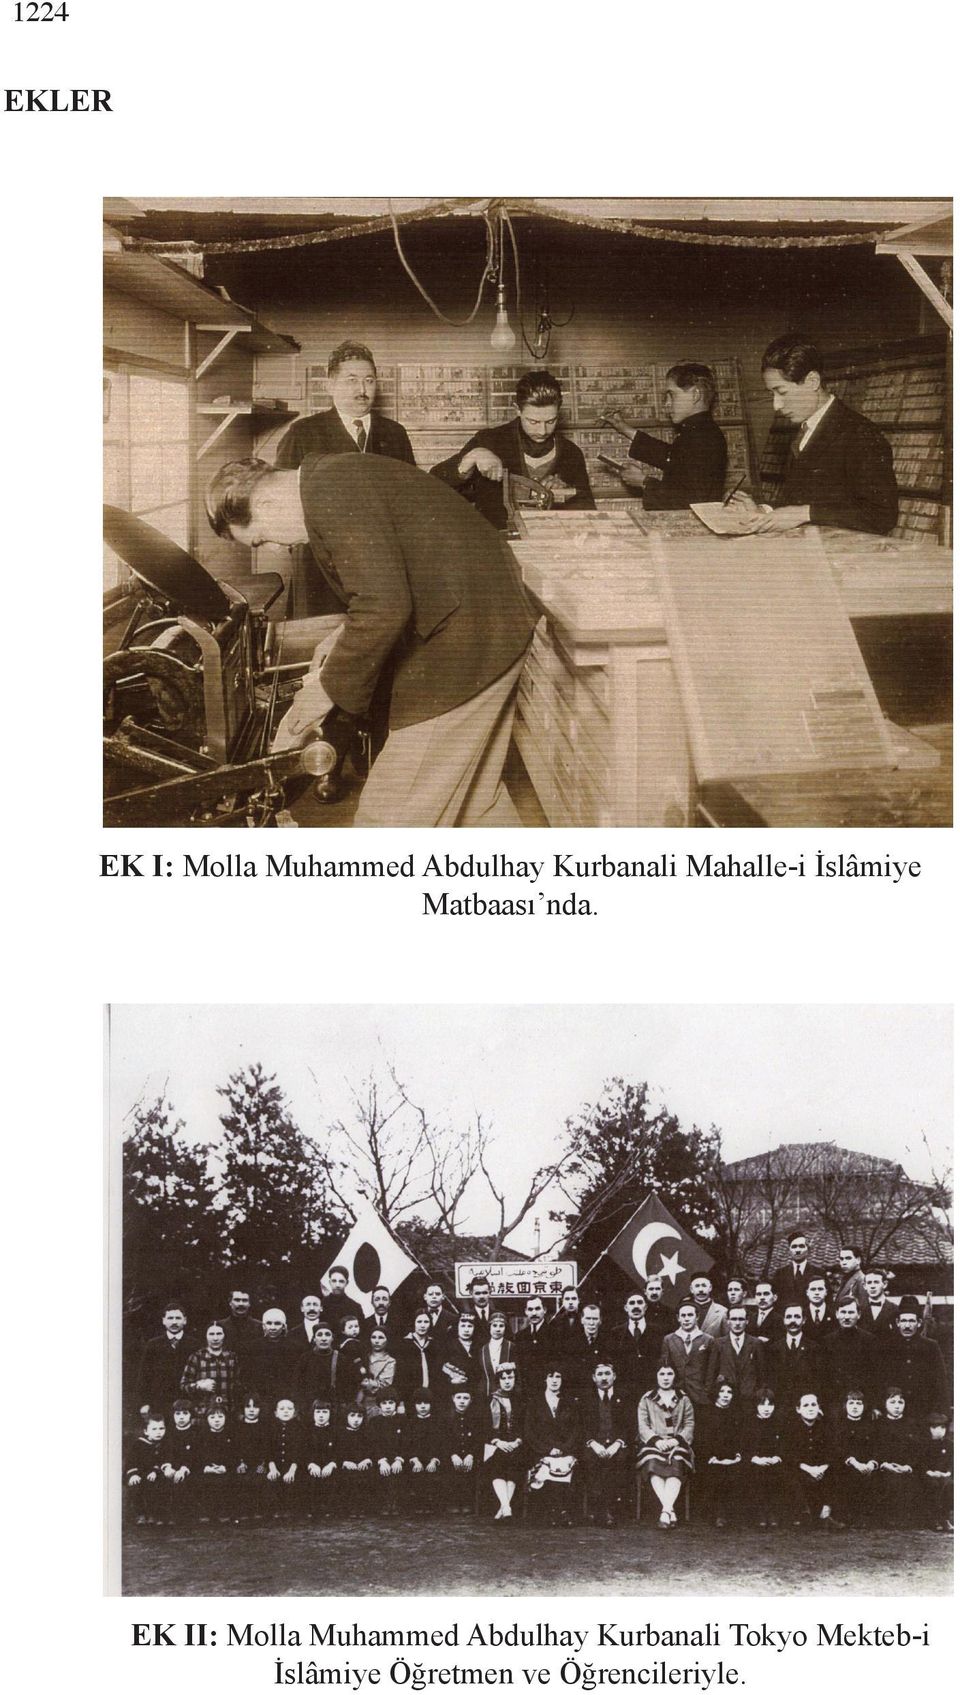 EK II: Molla Muhammed Abdulhay Kurbanali
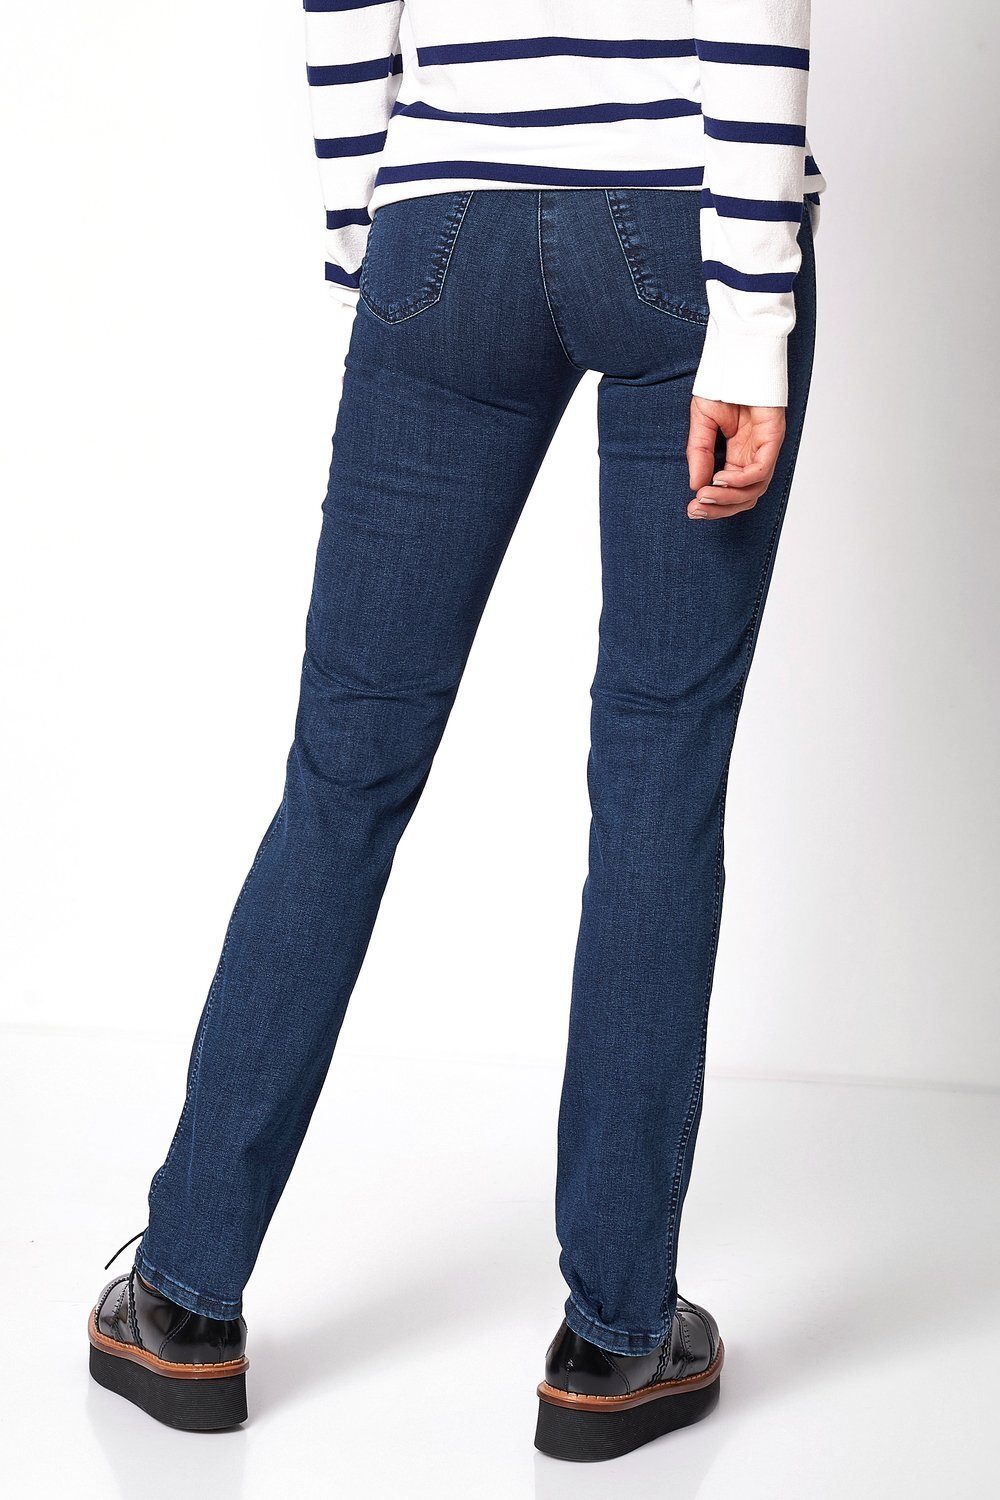 dunkelblau 5-Pocket-Jeans 582 TONI - be hoher mit Leibhöhe loved
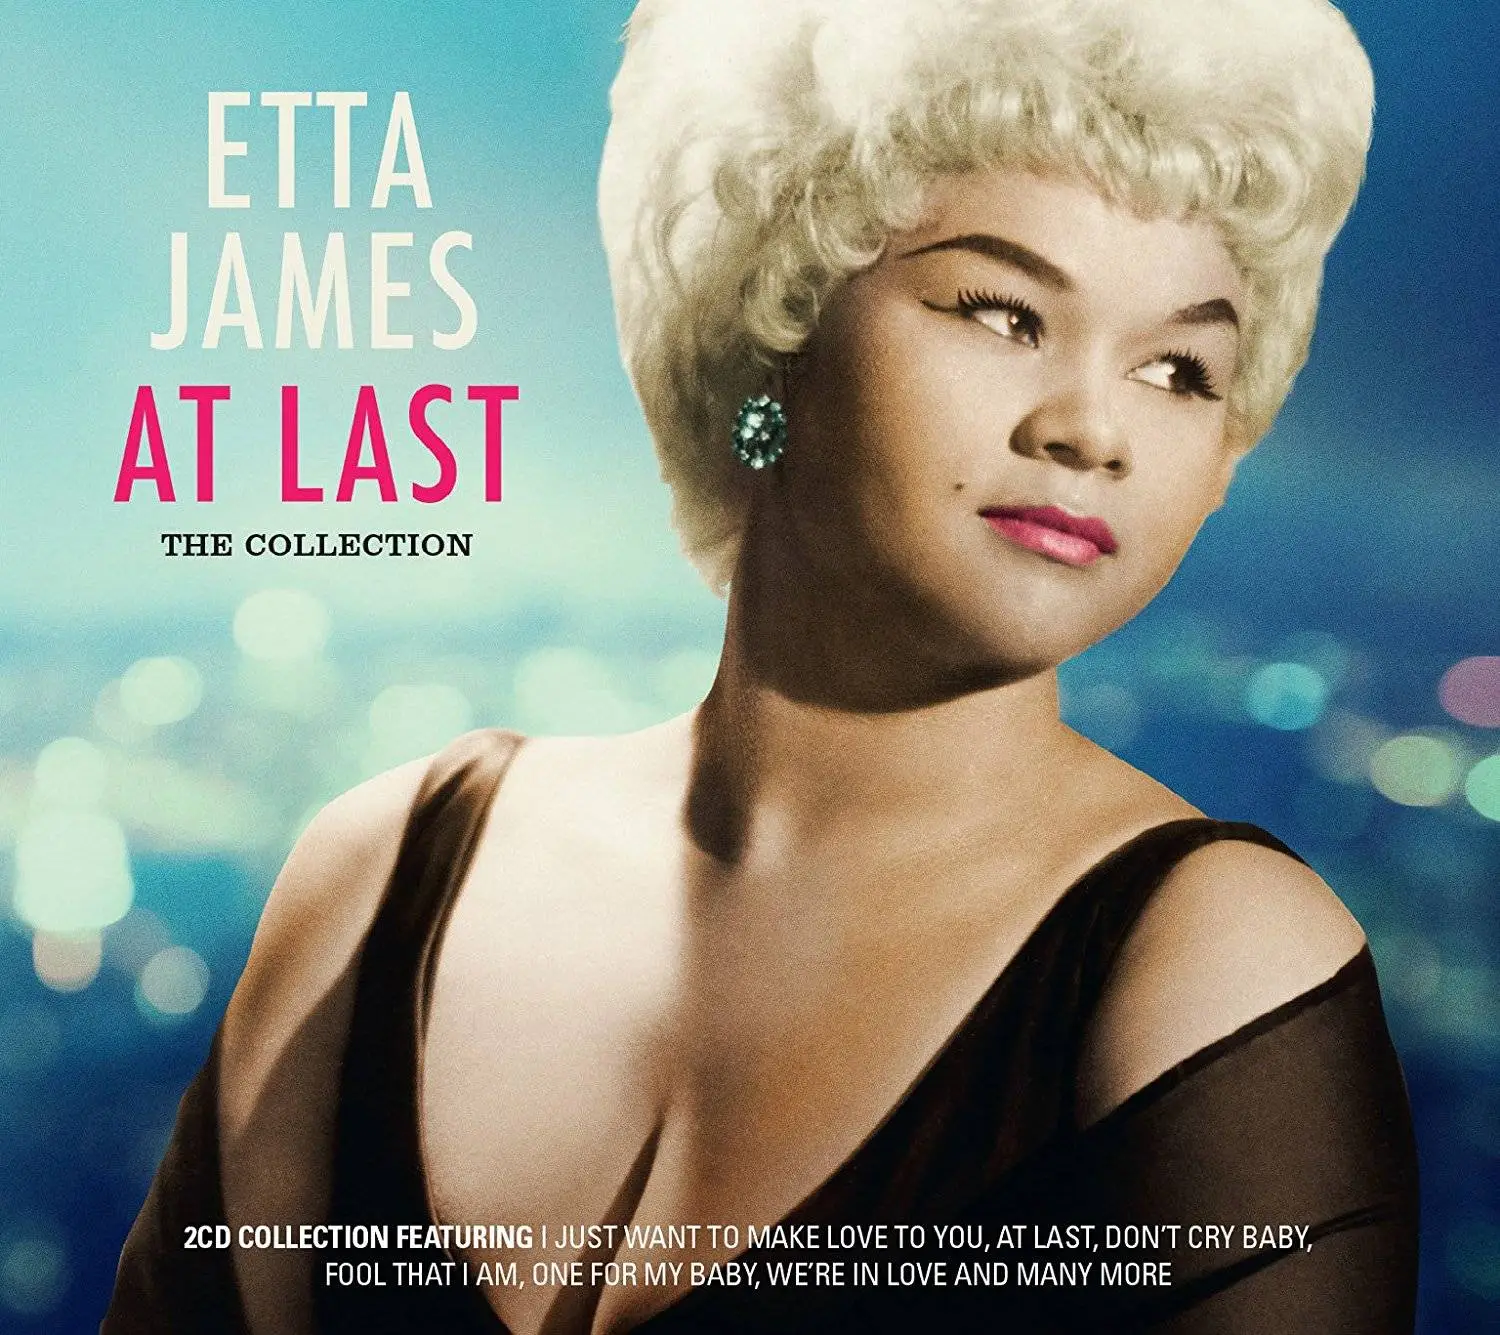 At last. Этта Джеймс АТ ласт. Etta James (1960) at last\. At last! Этта Джеймс. James Etta: Etta James.
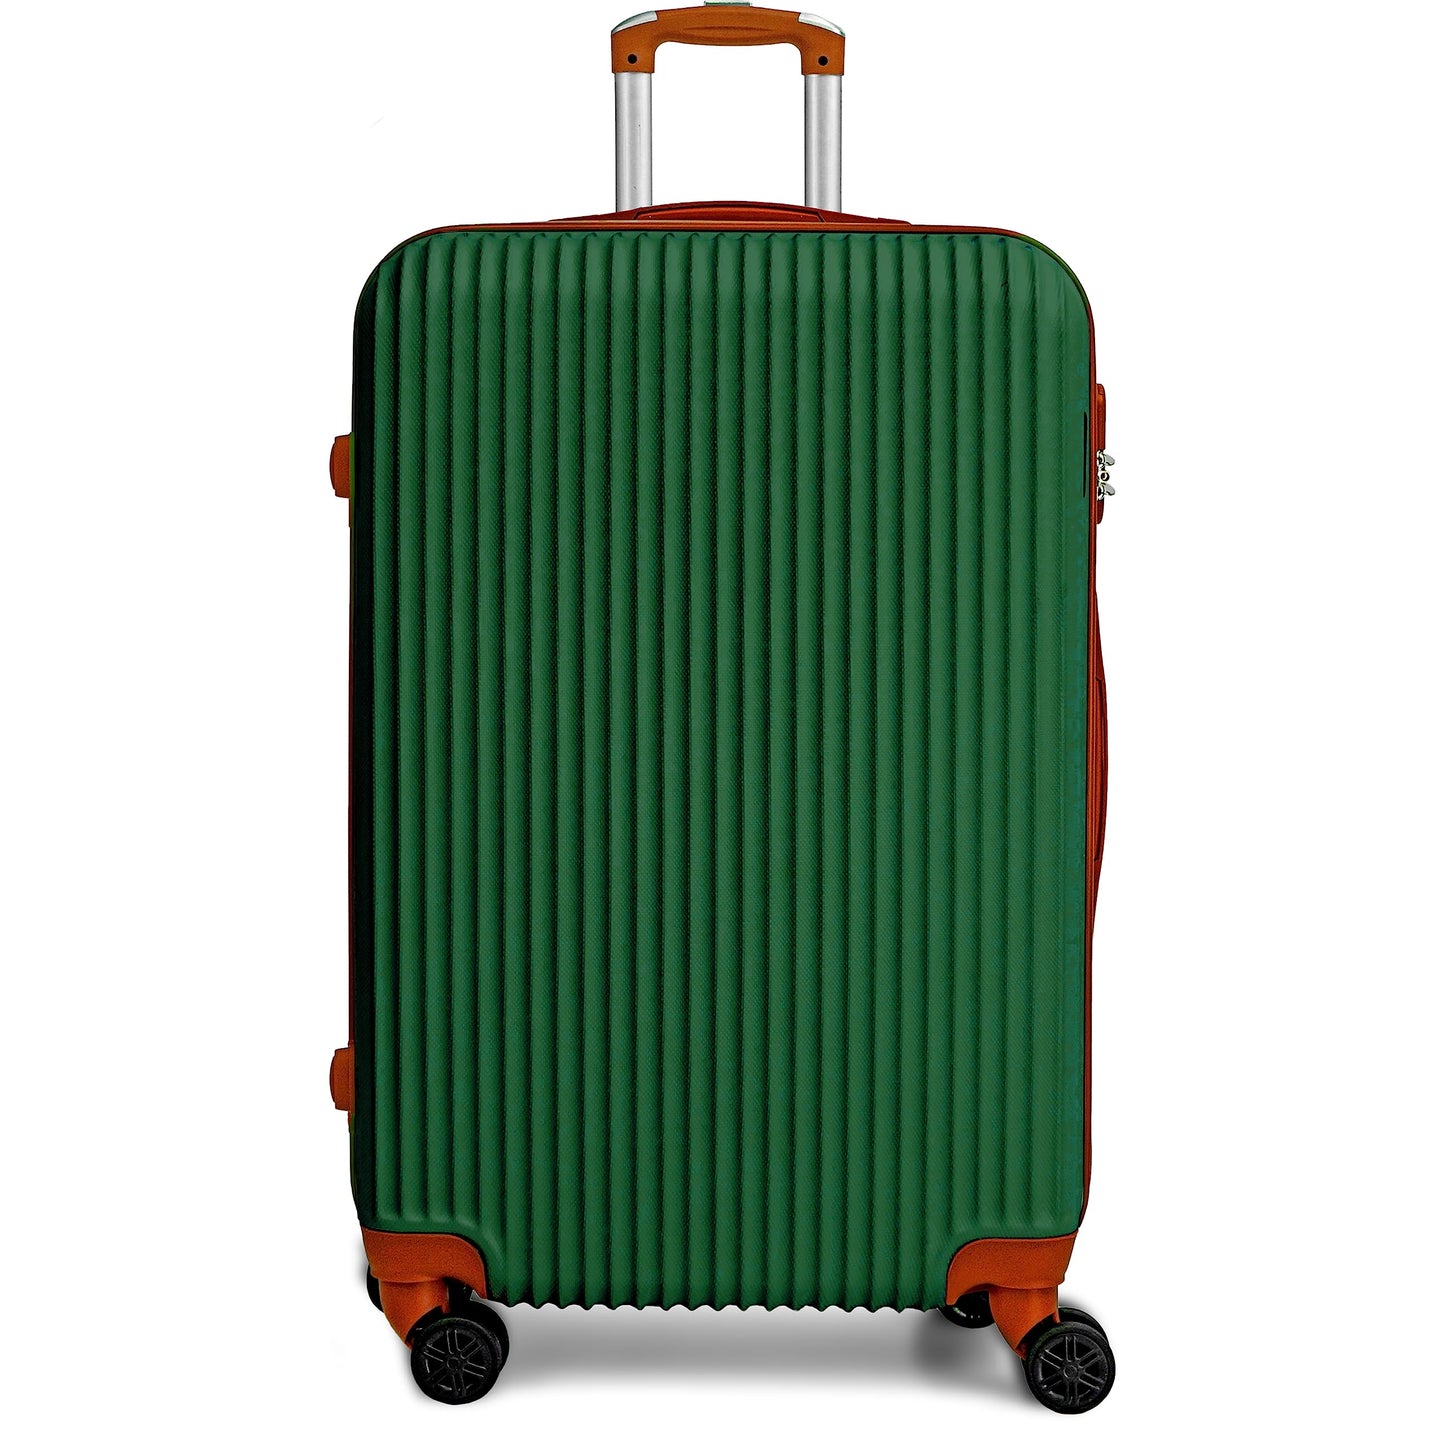 CALDARIUS Suitcase Medium Size| Hard Shell | Lightweight | 4 Dual Spinner Wheels | Trolley Luggage Suitcase | Medium 24" Hold Check in Luggage | Combination Lock (Olive Green, Medium 24'')

^^^^^^^^^^^^^^^^

Exercise>
Every line from the one holding "At last. Этта" to the last line of the listing above, inclusive, must appear exactly as written, and no picture may appear.

Answer section>
 At last. Этта Джеймс АТ ласт. Etta James (1960) at last\. At last! Этта Джеймс. James Etta: Etta James.
 CALDARIUS Suitcase Medium Size| Hard Shell | Lightweight | 4 Dual Spinner Wheels | Trolley Luggage Suitcase | Medium 24" Hold Check in Luggage | Combination Lock (Olive Green, Medium 24'')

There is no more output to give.